Kashif Ali کاشف علی

Personal information
- Born: 4 October 2002 (age 23) Karachi, Sindh, Pakistan
- Batting: Right-handed
- Bowling: Right-arm medium
- Role: Bowler

Domestic team information
- 2022/23: Sindh 2nd XI
- 2023/24: Karachi Blues
- 2023/24: Khan Research Laboratories

Career statistics
| Competition | FC | T20 |
| Matches | 5 | 3 |
| Runs scored | 135 | 43 |
| Batting average | 27.00 | 21.50 |
| 100s/50s | 0/0 | 0/0 |
| Top score | 36 | 39* |
| Balls bowled | 762 | – |
| Wickets | 17 | – |
| Bowling average | 26.17 | – |
| 5 wickets in innings | 0 | – |
| 10 wickets in match | 0 | – |
| Best bowling | 4/33 | – |
| Catches/stumpings | 1/– | 1/– |
- Source: Cricinfo, 25 January 2025

= Kashif Ali (cricketer, born 2002) =

Pakistani cricketer (born 2002)

Kashif Ali (Urdu: ; born 4 October 2002) is a Pakistani cricketer who plays for Karachi Blues.
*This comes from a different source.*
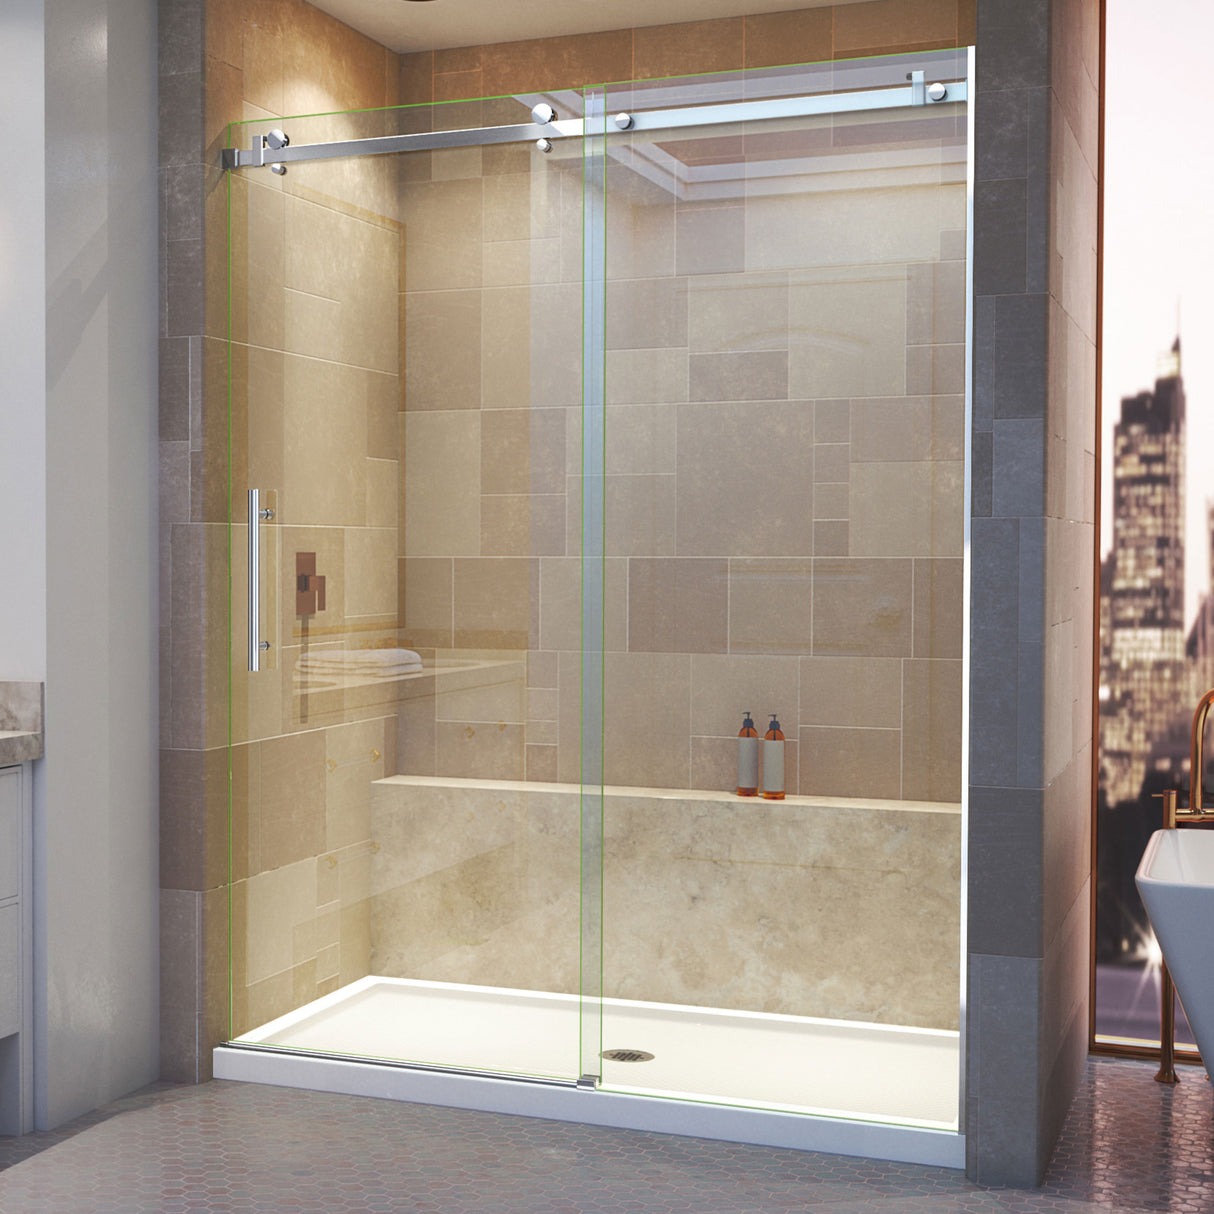 DreamLine Enigma Air 56-60 in. W x 76 in. H Frameless Sliding Shower Door in Polished Stainless Steel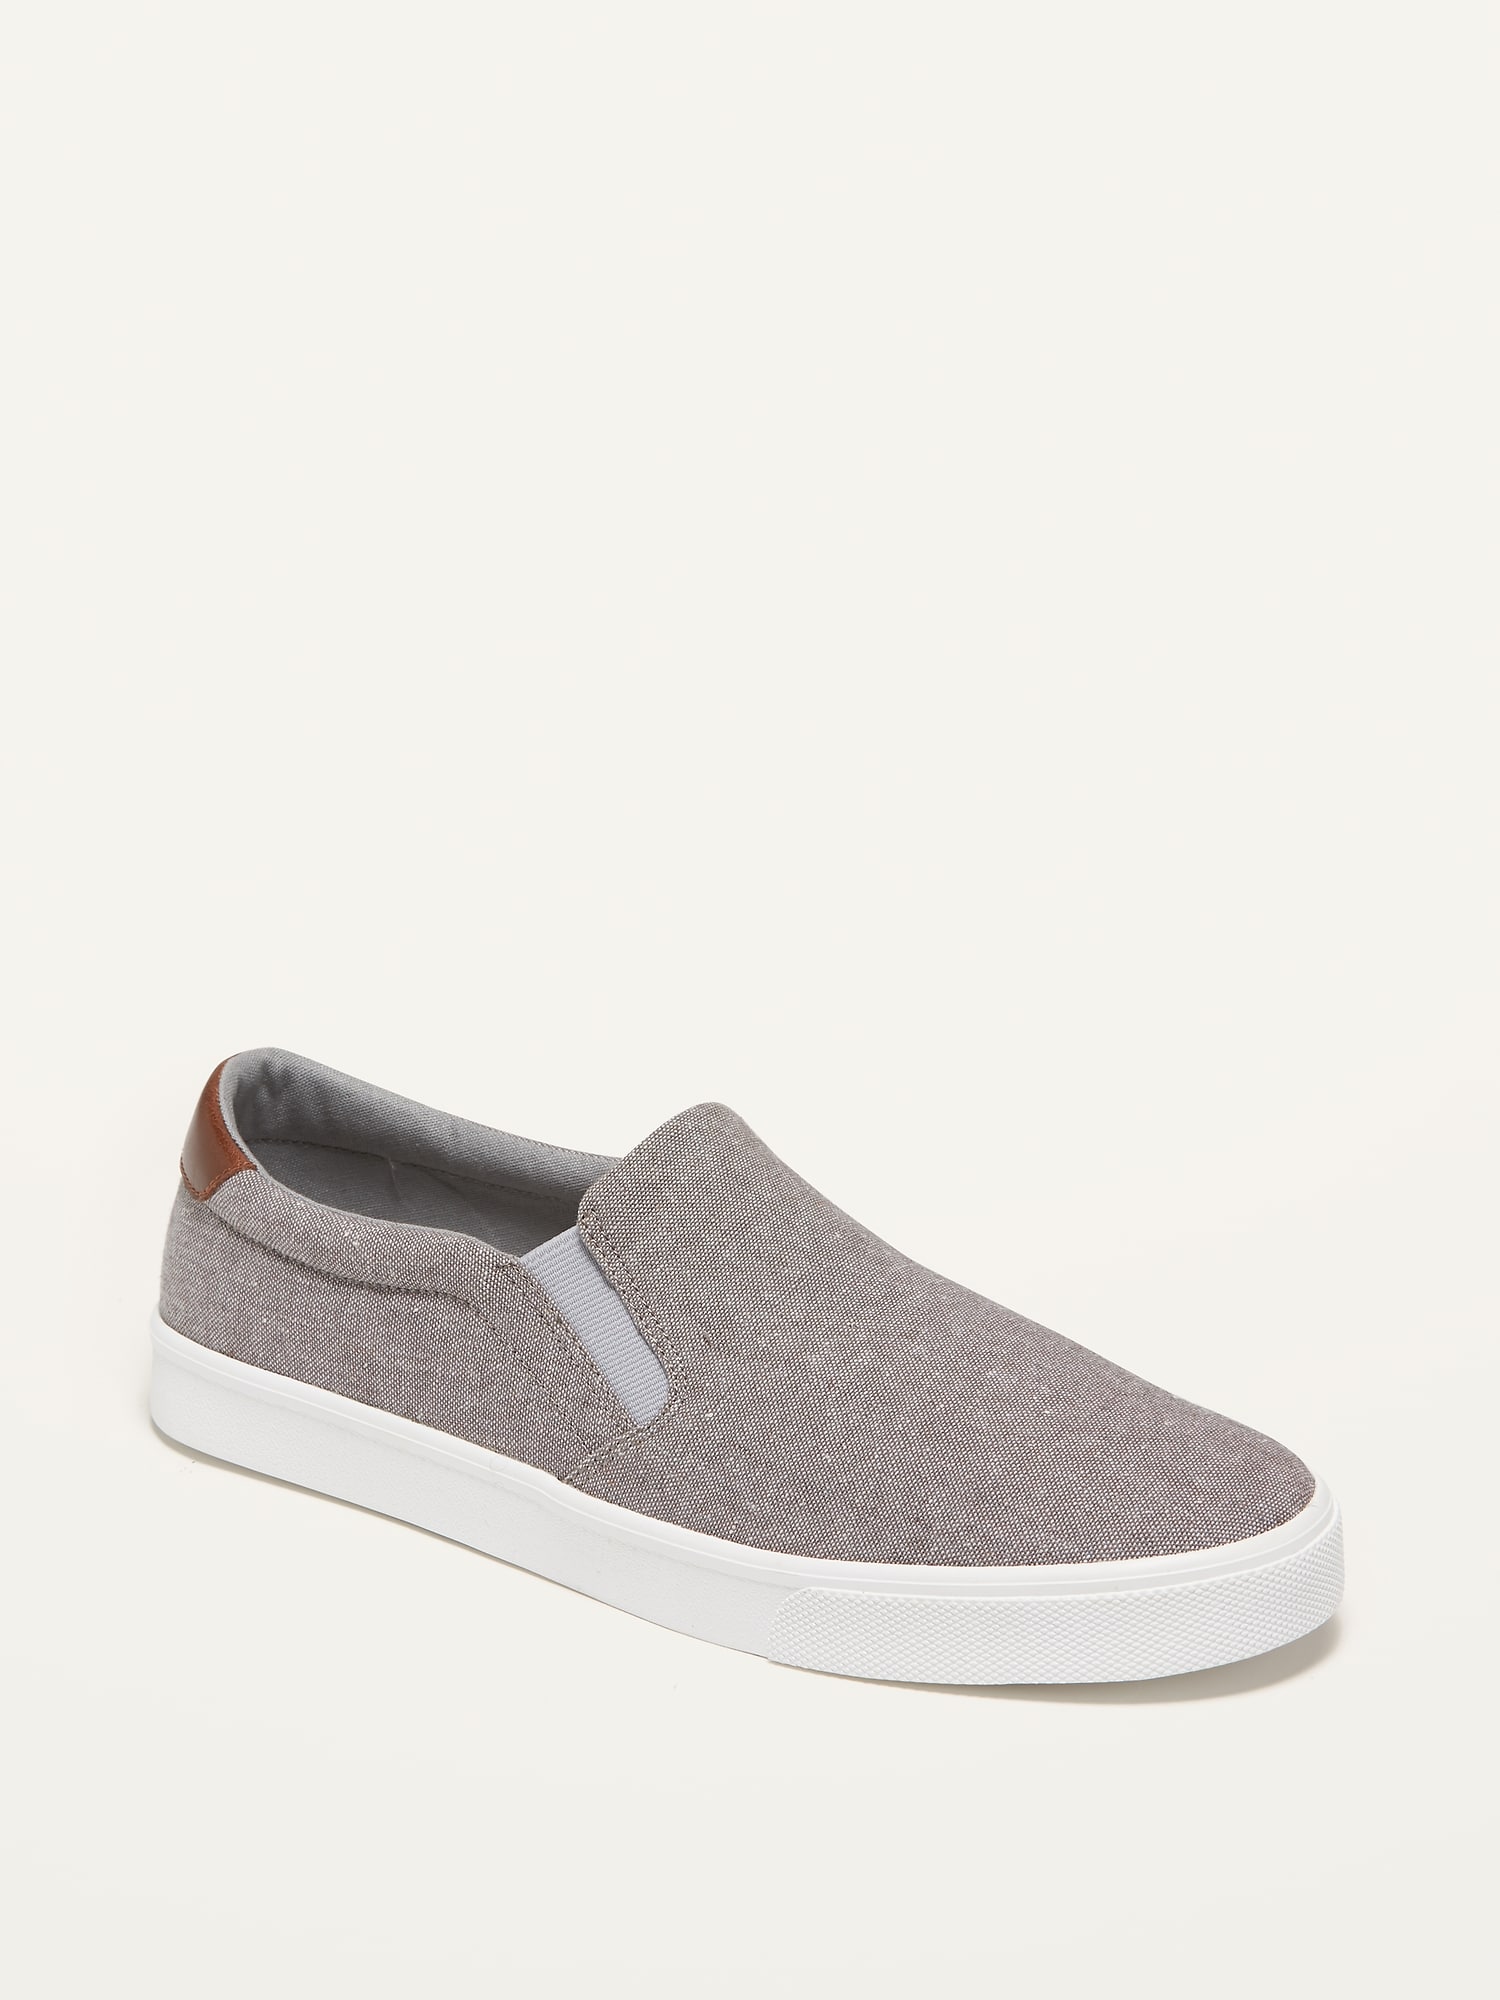 Mixed-Fabric Slip-Ons For Men | Old Navy

Ali made his T20 debut for Karachi Blues against Peshawar on 24 November 2023 during the 2023–24 National T20 Cup. Ali made his first-class debut for Khan Research Laboratories against Water And Power Development Authority on 16 December 2023 during the 2023–24 President's Trophy.